I’m told to follow up with my doctor after the ER visit, but I don’t have one anymore. So I get a new one and (because of covid) we have a phone appointment. And this new doctor who I’ve never met says, in a sweet West Virginian twang, that it sounds like I’m playing whack-a-mole with symptoms. “Let’s stop playin’ whack-a-mole here,” she tells me. Let’s get you well.
Her name is Angie and someday soon, during our appointments, we will lovingly finish each other’s sentences. We will get on like a house on fire and she will save my life.
28 years old, a February evening
I’m bathed in the blue glow of my computer monitor, having just gotten off a call with the pastor at the Presbyterian church I’ve been attending for seven years. For several months now I’ve been seeing the church and reformed theology in a different light. One of the things that made me realize something was off was that it finally occurred to me that women could not be ordained in our denomination.

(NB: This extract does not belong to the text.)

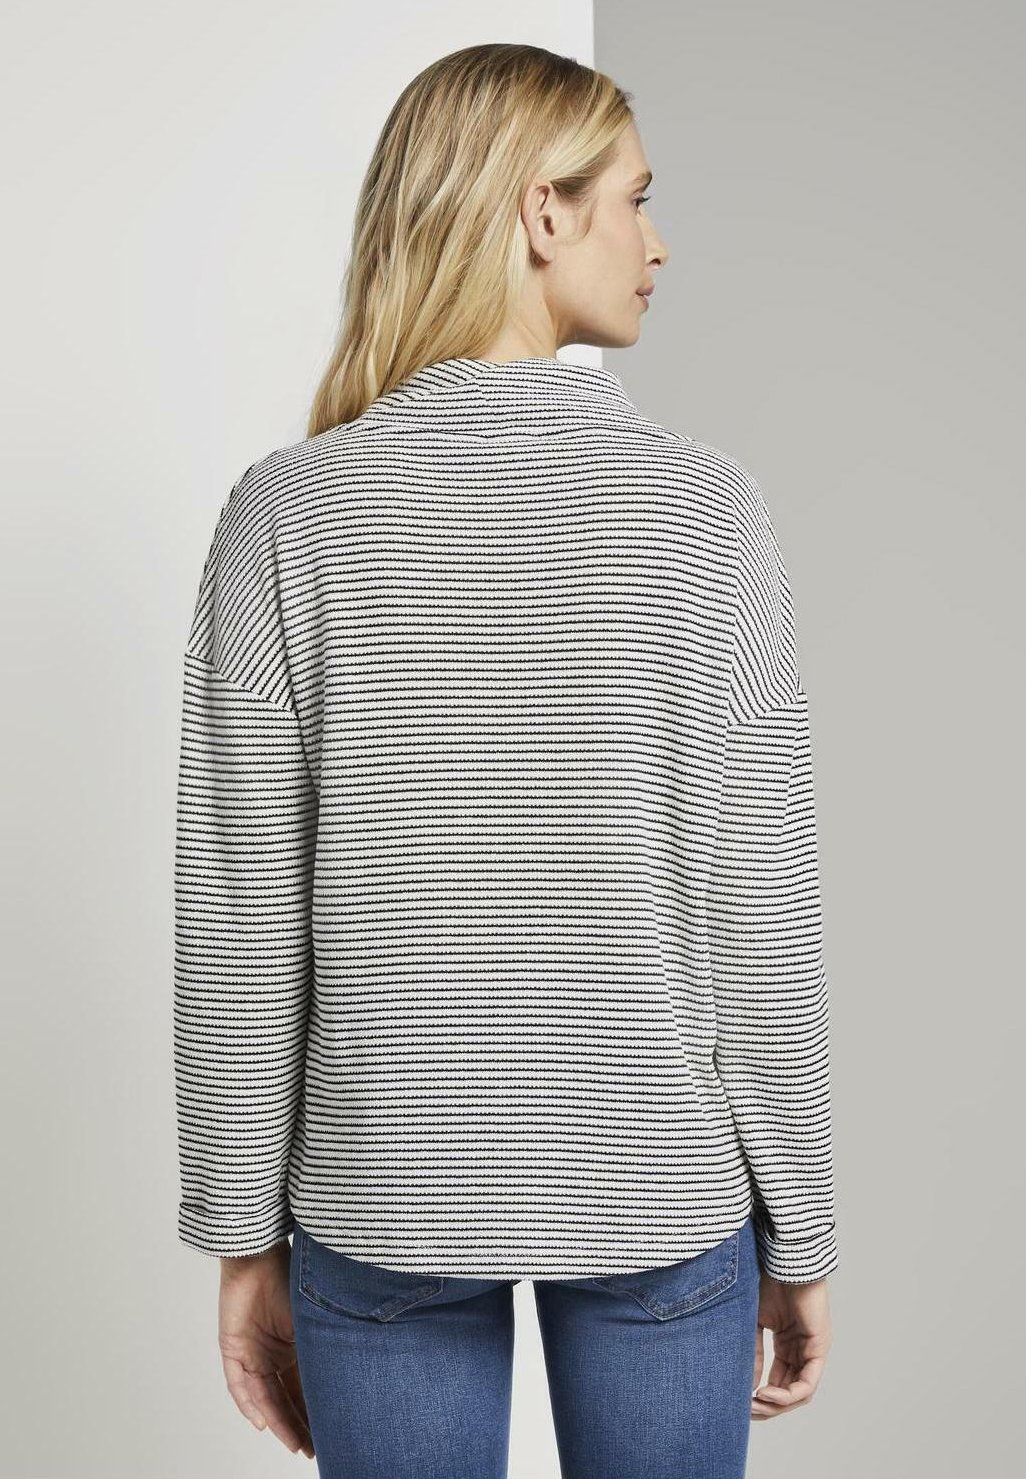 TOM TAILOR Sweater - offwhite/black - Dames jas Ontwerper

In fact, women hold no official power in this church or denomination. I’m currently in one of the highest positions of leadership a woman can achieve: Head of Hospitality. I’m in charge of snacks and coffee. And I take it seriously, but that is all the power I can have. When I look deeper into the theology, I see why. And it makes no sense.
I’ve just told the pastor—who was a dear friend and confidant—that I’m done. I don’t want the position I’ve been given. I can’t stand the way the church treats women and marginalized people, who he calls “the poor.” He doesn’t understand my position. He and I will barely speak after this. I’ll lose an entire community.
I can’t ignore what I’ve had my eyes opened up to in the past few months: how oppressed women and marginalized people are within the church and the culture at large. How our individual congregation and pastor perpetuate this. This was never something I was much concerned about before. In the past few months, I’ve been woken up to inequality and activism. Now, I can’t look away.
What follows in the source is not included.